There’s a rush on the recorder, no time to fool around. After witches, One Way: Survive, Before the crashthe two daily ones from 7 p.m., the return of 5e rank, With a beating heart And Alertsa novelty in fiction shines brightly on the radar screen of the return to television.
Here is the second season ofA criminal case, which starts this Tuesday at 8 p.m. on Noovo. It’s very, very good. It’s well written, well acted and well directed. And it tickles our inner armchair detective fiber.
This is another investigation into the investigation of a “cold case”, the good old dormant file which reappears on the top from the pile after the discovery of disturbing clues.
And no, you don’t need to have watched the first season ofA criminal case to jump into the second. No link unites these two parts written by the author Joanne Arseneau (Miscellaneous facts). No character crosses from one chapter to another. In short, the two twisted stories live independently, but continue to expose the shenanigans that tarnish the badge of rotten or corrupt cops.
This time, the eight-episode miniseries shines its flashlight on police officers Geneviève Lanctôt (Julie Le Breton) and Laurence Malenfant (Alice Moreault), partners in the Montreal police homicide squad. Parenthesis, before continuing: the two main actresses sparkle in these complex and nuanced roles of investigators, who twist the truth to protect each other.
From the first minutes, the action takes off in a dingy garage, where Laurence Malenfant kills a suspect, the very strange Poupart (Hubert Proulx), who attacked his colleague Geneviève with a crowbar.
Self-defense ? Calculated murder? Stupid accident? These are the avenues that will be explored by two agents from the Bureau of Independent Investigations (BEI), played by Normand Daneau and Mounia Zahzam and responsible for shedding light on this dark and crooked thing, let’s say it.
Because before dying, the mechanic revealed disconcerting information about Laurence’s police officer father, Jean-Claude Malenfant (Patrice Godin), a member of the anti-gang squad who has been missing for seven years. Let’s say that these confessions shook Laurence (amazing Alice Moreault), who believed in the theory of her dad’s suicide.
Could it be that veteran Jean-Claude Malenfant, appreciated by his peers, was assassinated or that he started his life again under a new identity without saying a word?
The second heroine of the series, Geneviève (excellent Julie Le Breton), knows more about the disappearance of Jean-Claude Malenfant which she reveals to the BEI investigators.
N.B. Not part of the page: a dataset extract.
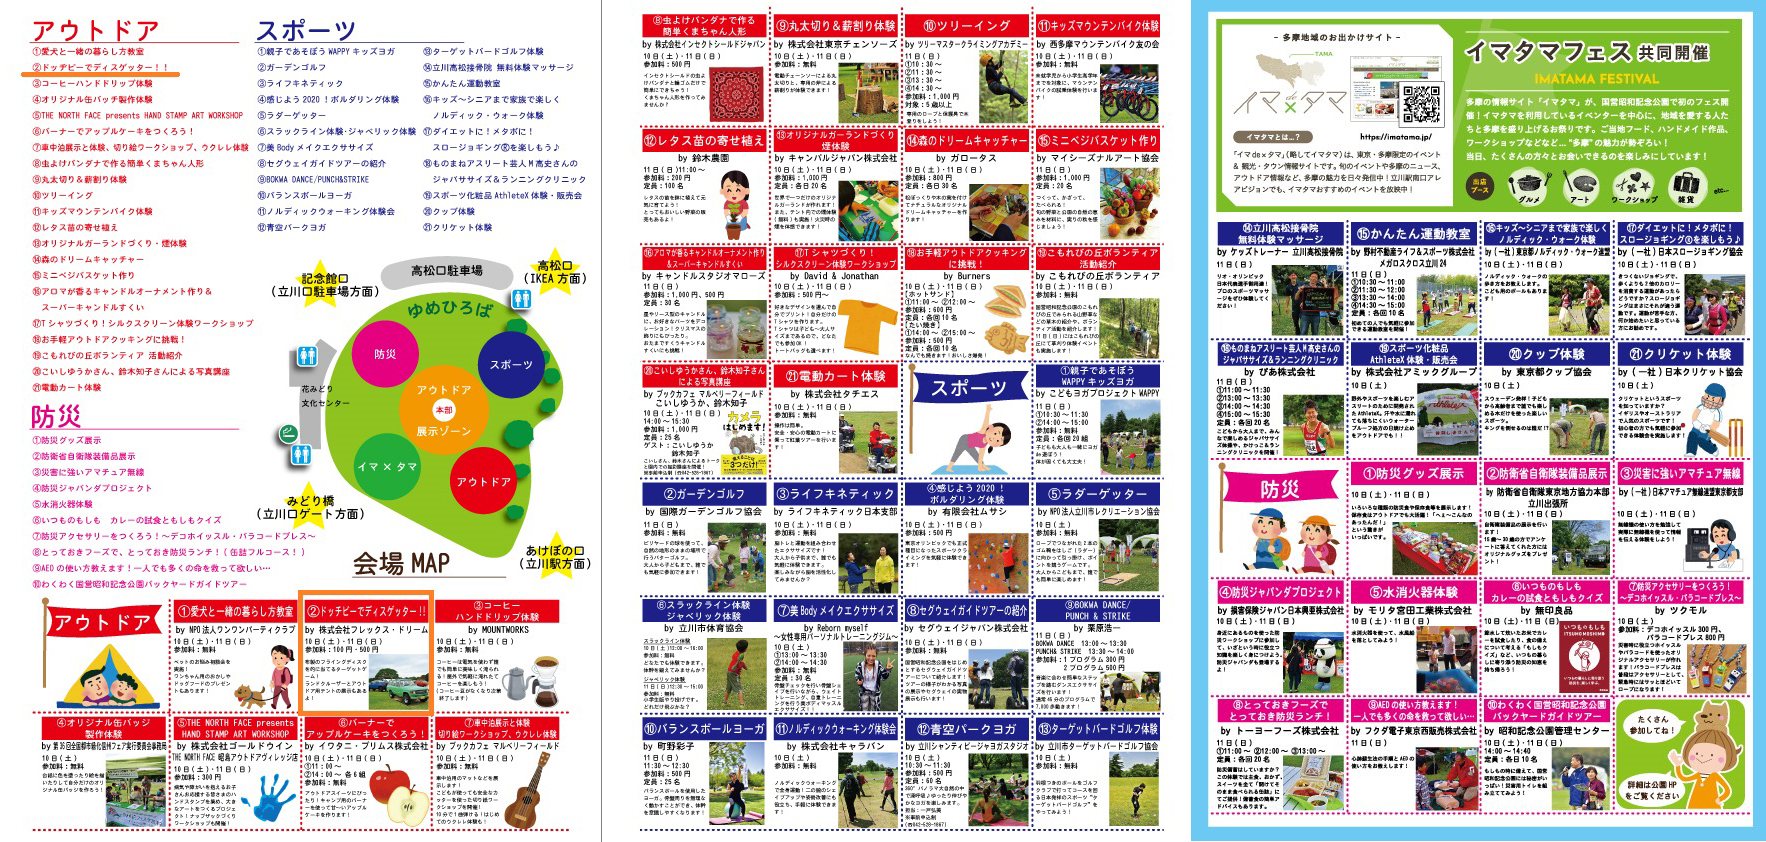 アウトドアフェスティバル2018 in国営昭和記念公園 会場マップ・イベント内容一覧（パンフレット）

She “covers” for her friend Laurence as well as her husband Philippe Laberge (Pierre-Yves Cardinal), who was Jean-Claude Malenfant’s partner before climbing the ranks, very quickly, to the rank of chief inspector.
The couple formed by Julie Le Breton and Pierre-Yves Cardinal in A criminal case also hides some creepy elements. It explodes in the second episode and it’s disturbing to watch.
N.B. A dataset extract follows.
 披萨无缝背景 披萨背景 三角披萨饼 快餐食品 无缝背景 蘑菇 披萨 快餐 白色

The more the series progresses, the more our perception of the events at the heart of the plot changes. And the more you scratch, the more secrets come to light. This is one of the great pleasures of watching A criminal casean intelligent, dense work full of multi-layered characters, which will be revealed from one Tuesday evening to the next.
This second season ofA criminal case appears to me to be less cerebral, less “internal police poutine”, and more focused on action on the ground. In two episodes, we find the bones of two corpses on Notre-Dame Island, a stone’s throw from La Ronde. A mysterious necklace piques the curiosity of the detective sergeants, as does the content of a cell phone which recorded a violent argument between two people whose aggressive nature was not suspected at all.
Among the secondary roles, actress Kathleen Fortin steals the show by playing the sister of the man killed by Laurence in the first episode. This vulgar woman, without falling into caricature, trades off each of her confidences, which enrages those who question her.
We laugh more often in A crime story 2we breathe more between two busy moments, I find.
These bubbles lighten the general atmosphere of the series, without trivializing the difficult things that take place there.
At the crossroads of all the leads, even the false ones, the character of Laurence – the one who lost her father seven years ago, let’s not forget – remains a fascinating enigma to decipher. Her brother got into drugs, not her. Her mother and mothers-in-law took it, not her. In appearance, at least.
We feel that Laurence is suffering from serious trauma and we understand that she is hallucinating rabbits when the tension rises to an intolerable level around her. To relieve the pressure, Laurence performs comedy shows in a small “comedy club” which resembles the Terminal, avenue du Mont-Royal Est. Yes, all these elements coexist in a coherent and plausible way.
A former patrolman even called Laurence “mentally ill”, and it is true that his fragile psychological state inspires fear.
We know little about Laurence, but we know that her comrade Geneviève will not abandon her. This criminal case is also one of solidarity and friendship.